▶ Requirement:
A faithful copy is required: transcribe each line below exactly, minus the pictures.

▶ Data excerpt:
—————

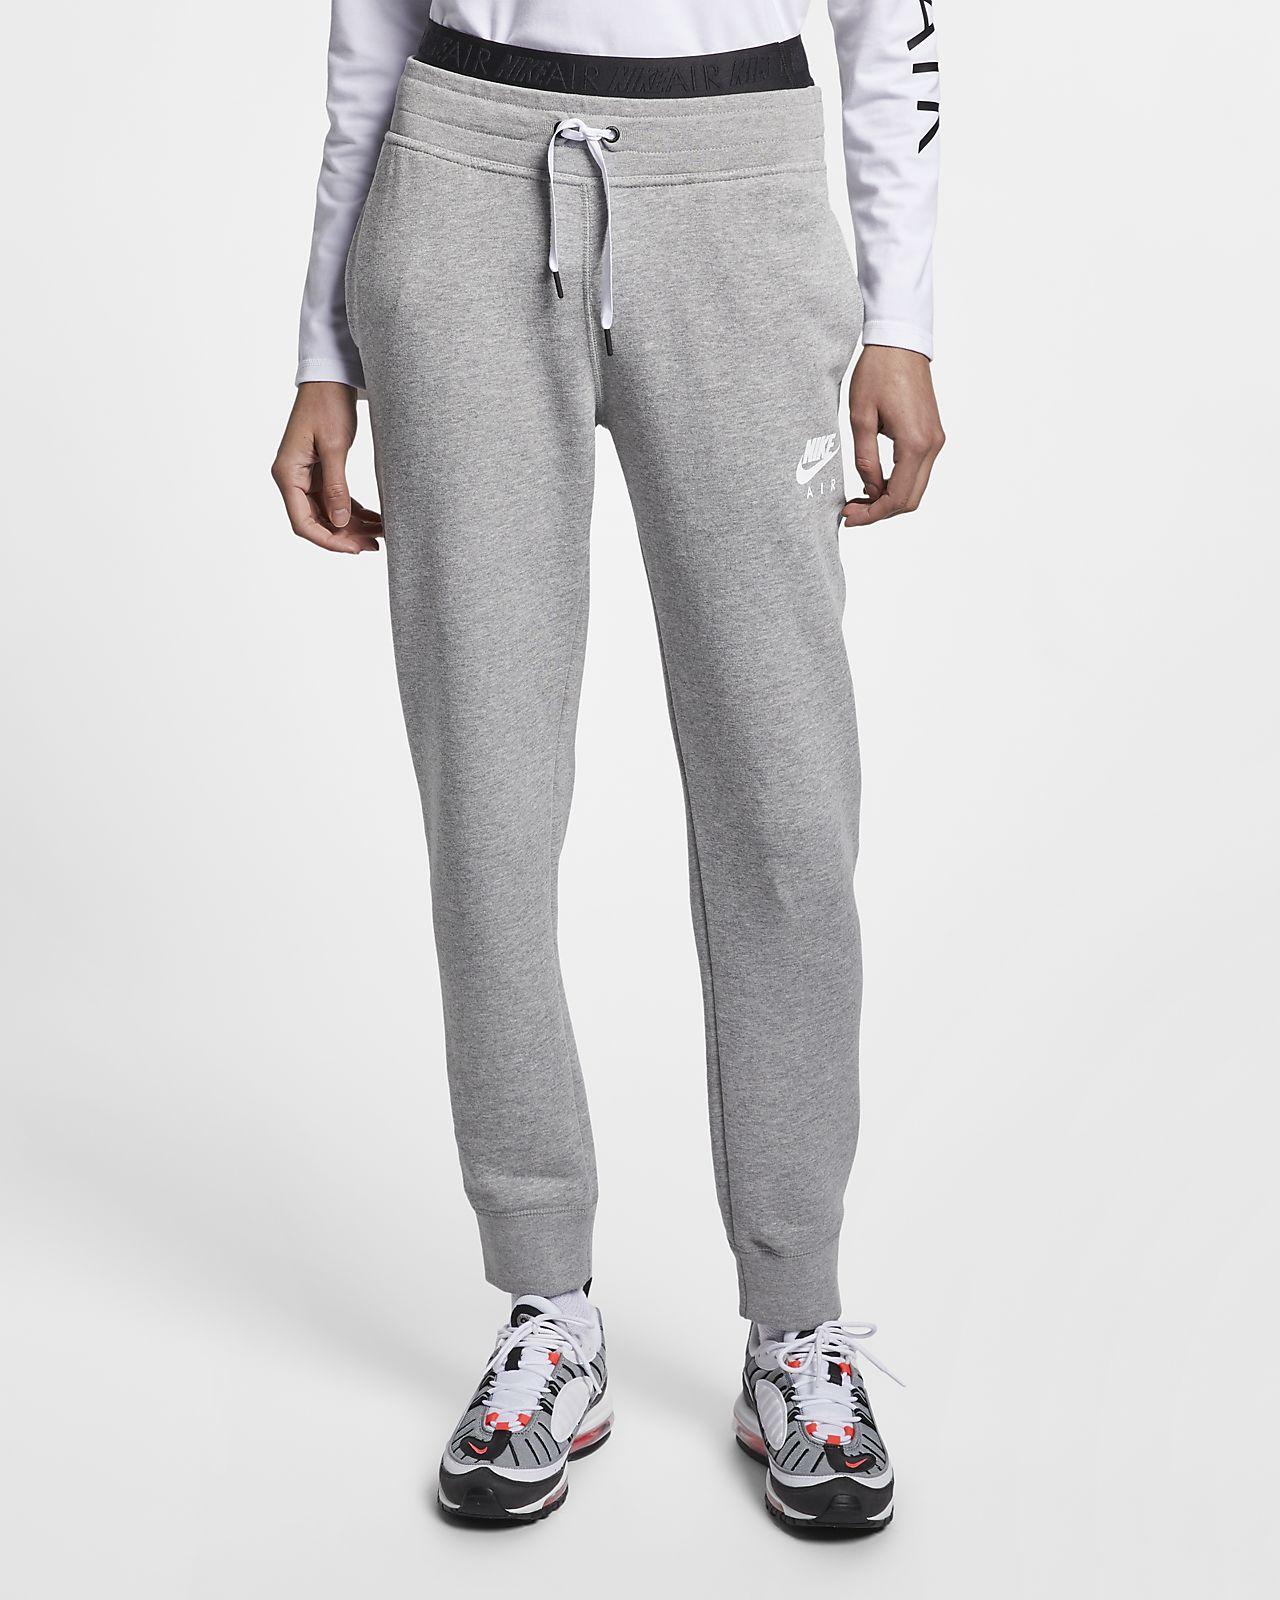 2ef26fddb7ccb Nike Air Pantalón de tejido Fleece - Mujer. Nike.com ES
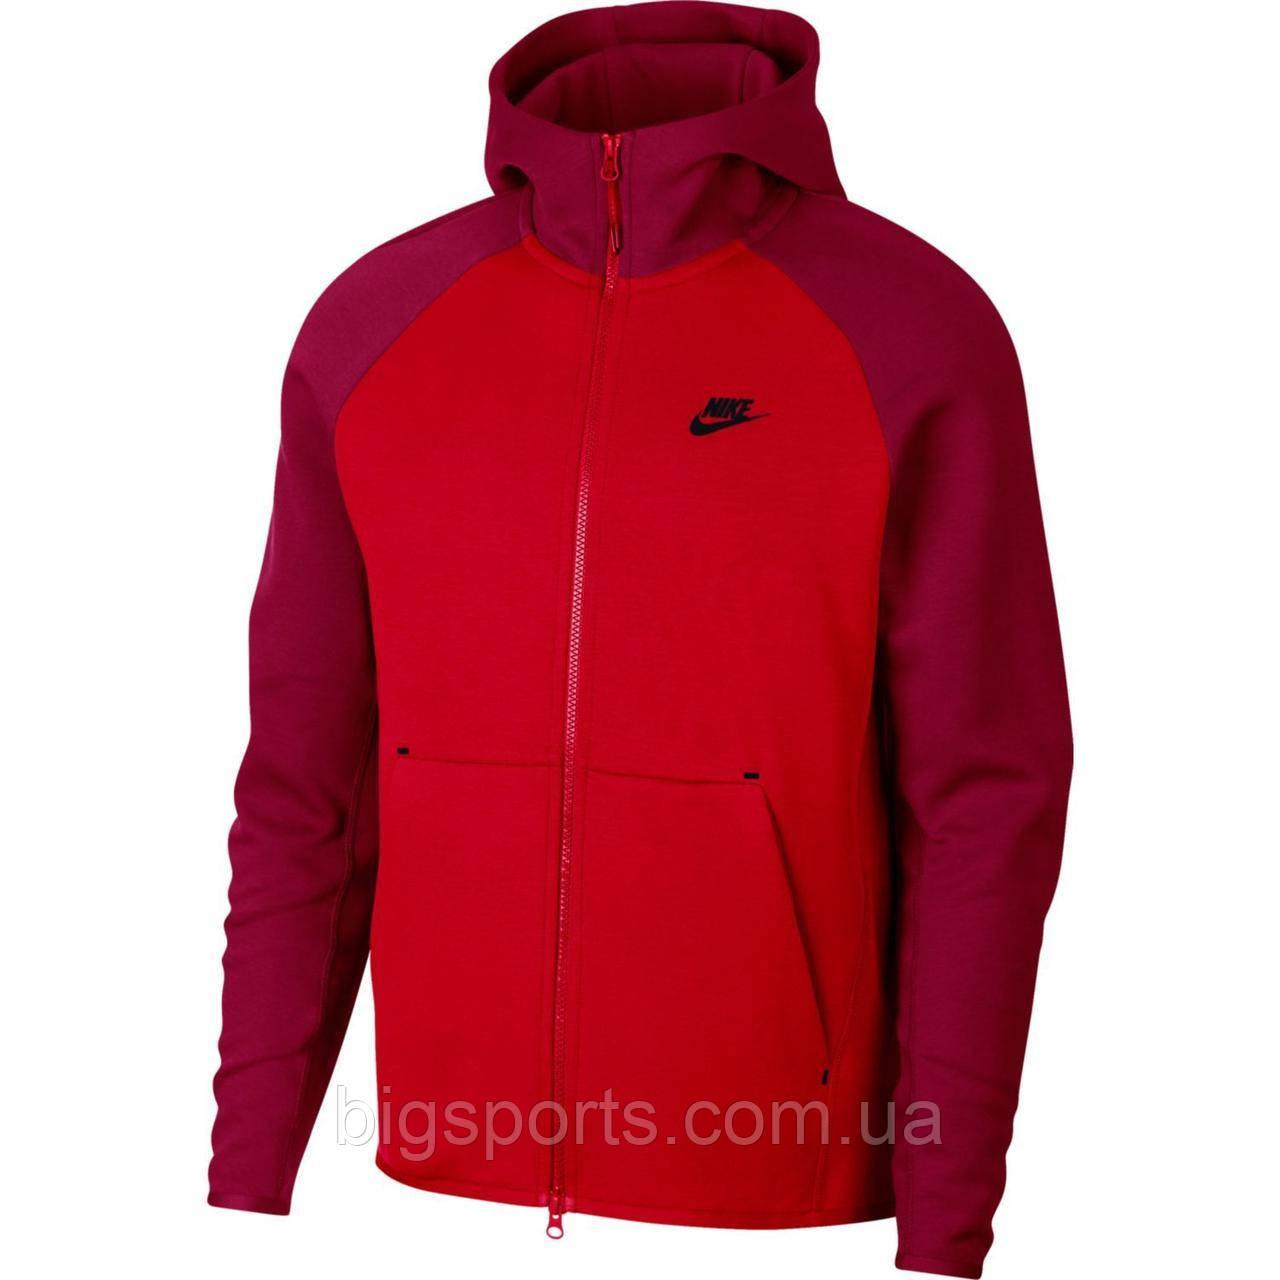 ed9417f0 Кофта муж. Nike M Nsw Tch Flc Hoodie Fz (арт. 928483-657), цена 2 ...
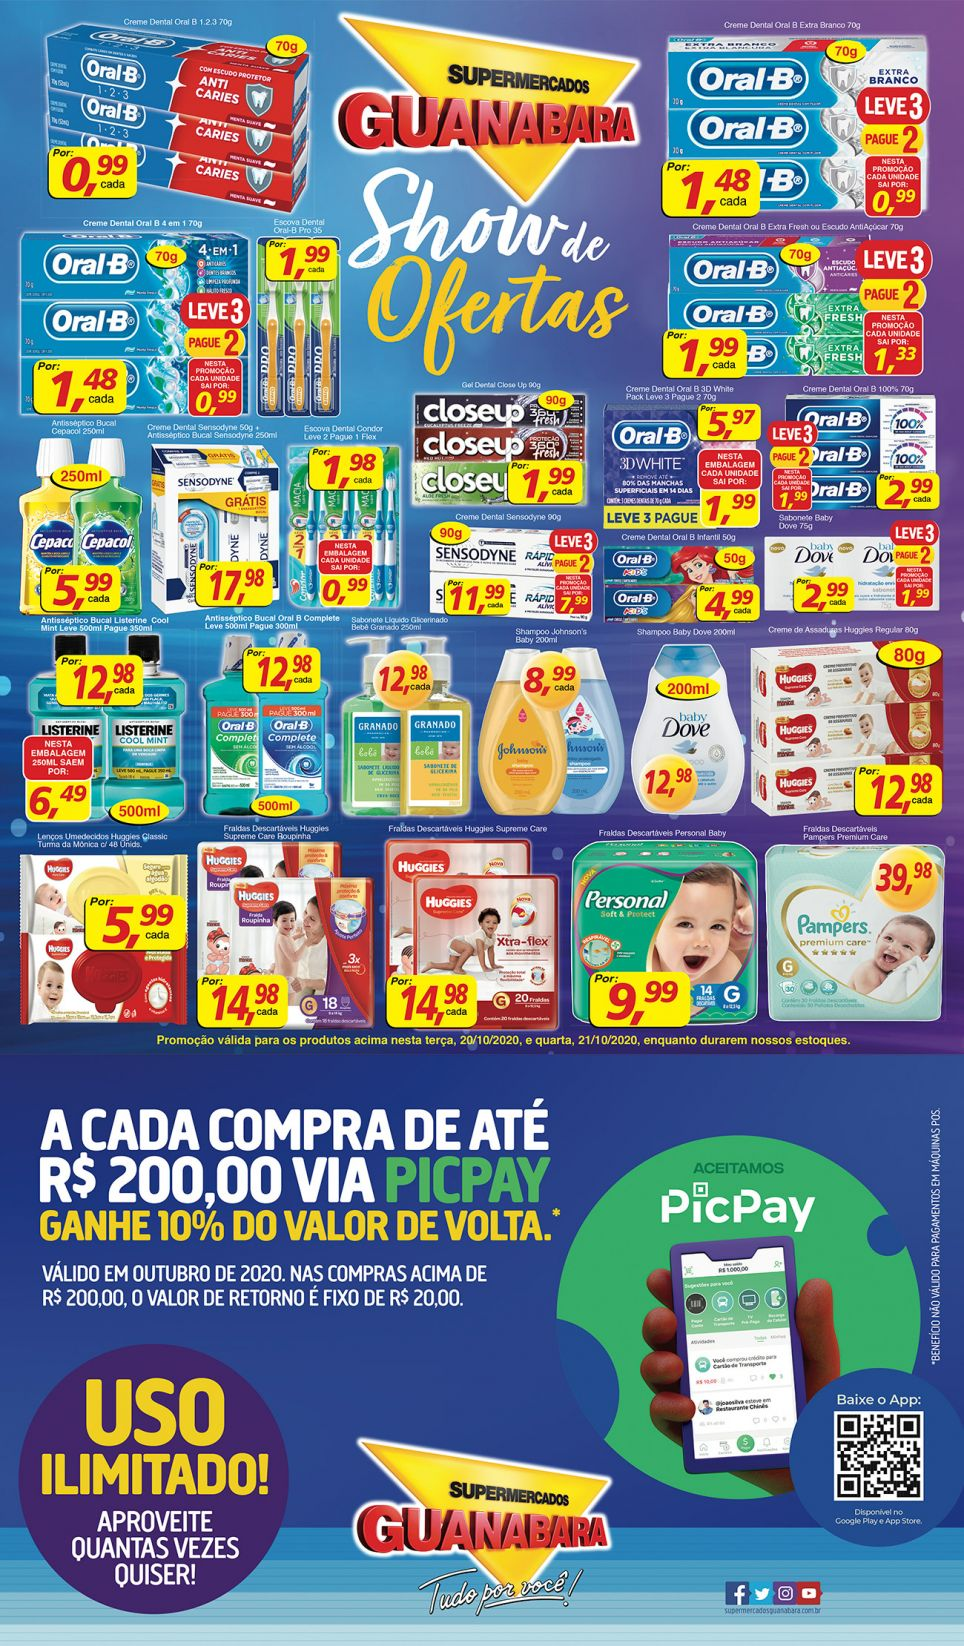 Encarte Guanabara 20/10/20 08
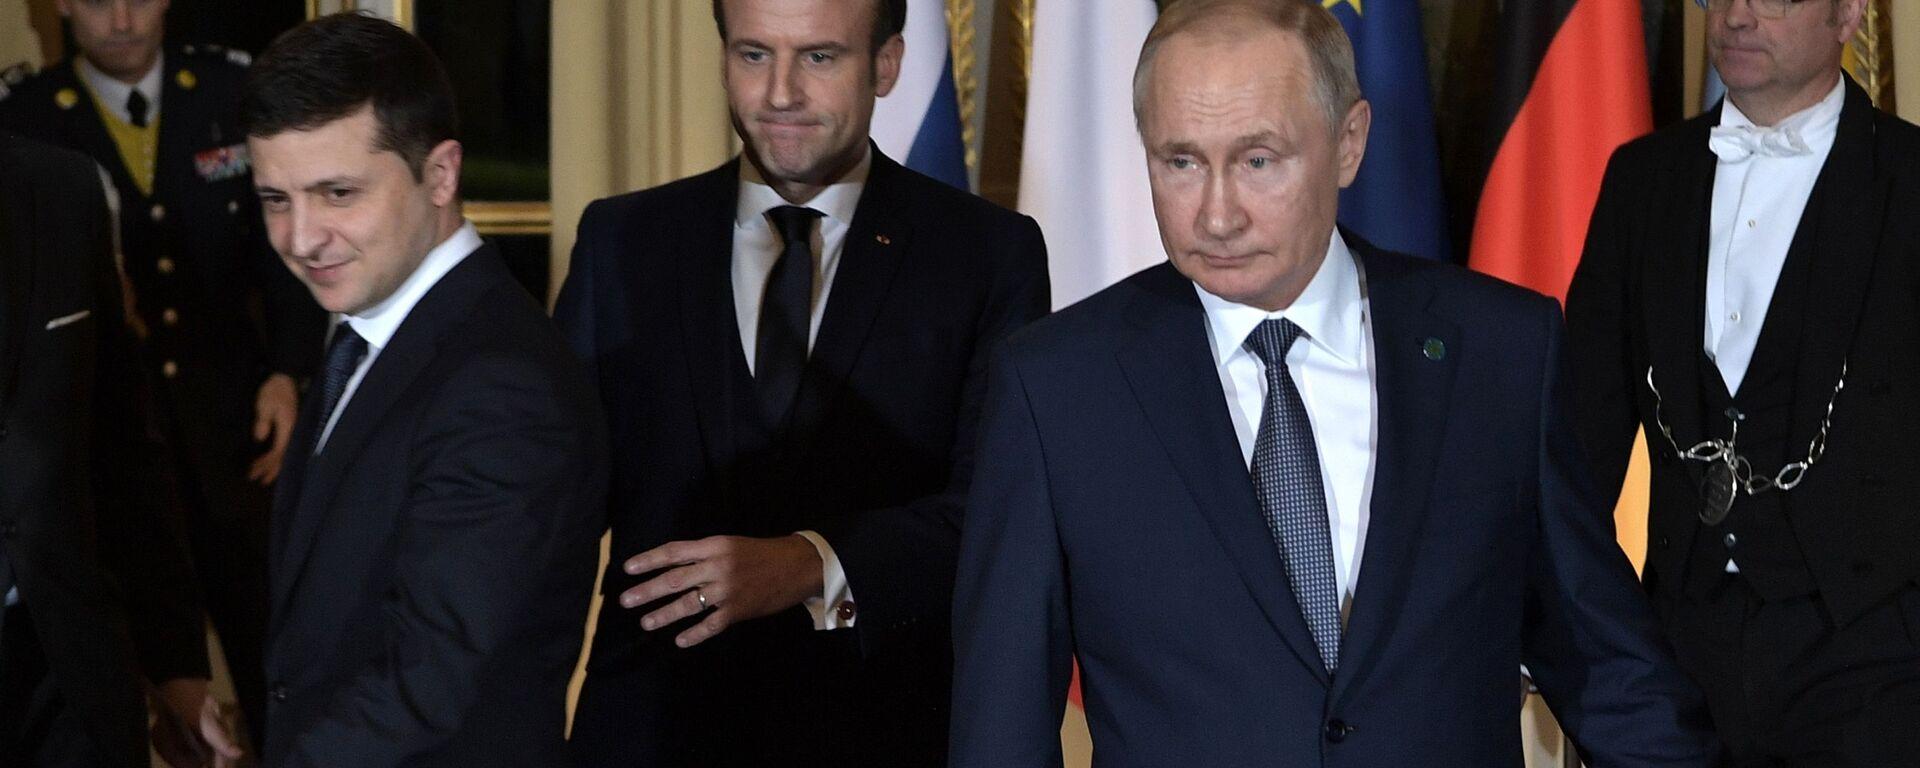 Рабочий визит президента РФ В. Путина во Францию  - Sputnik Узбекистан, 1920, 10.06.2021

—————

▶ Solution for this exercise:
 2ef26fddb7ccb Nike Air Pantalón de tejido Fleece - Mujer. Nike.com ES
 ed9417f0 Кофта муж. Nike M Nsw Tch Flc Hoodie Fz (арт. 928483-657), цена 2 ...
 Encarte Guanabara 20/10/20 08
 Рабочий визит президента РФ В. Путина во Францию  - Sputnik Узбекистан, 1920, 10.06.2021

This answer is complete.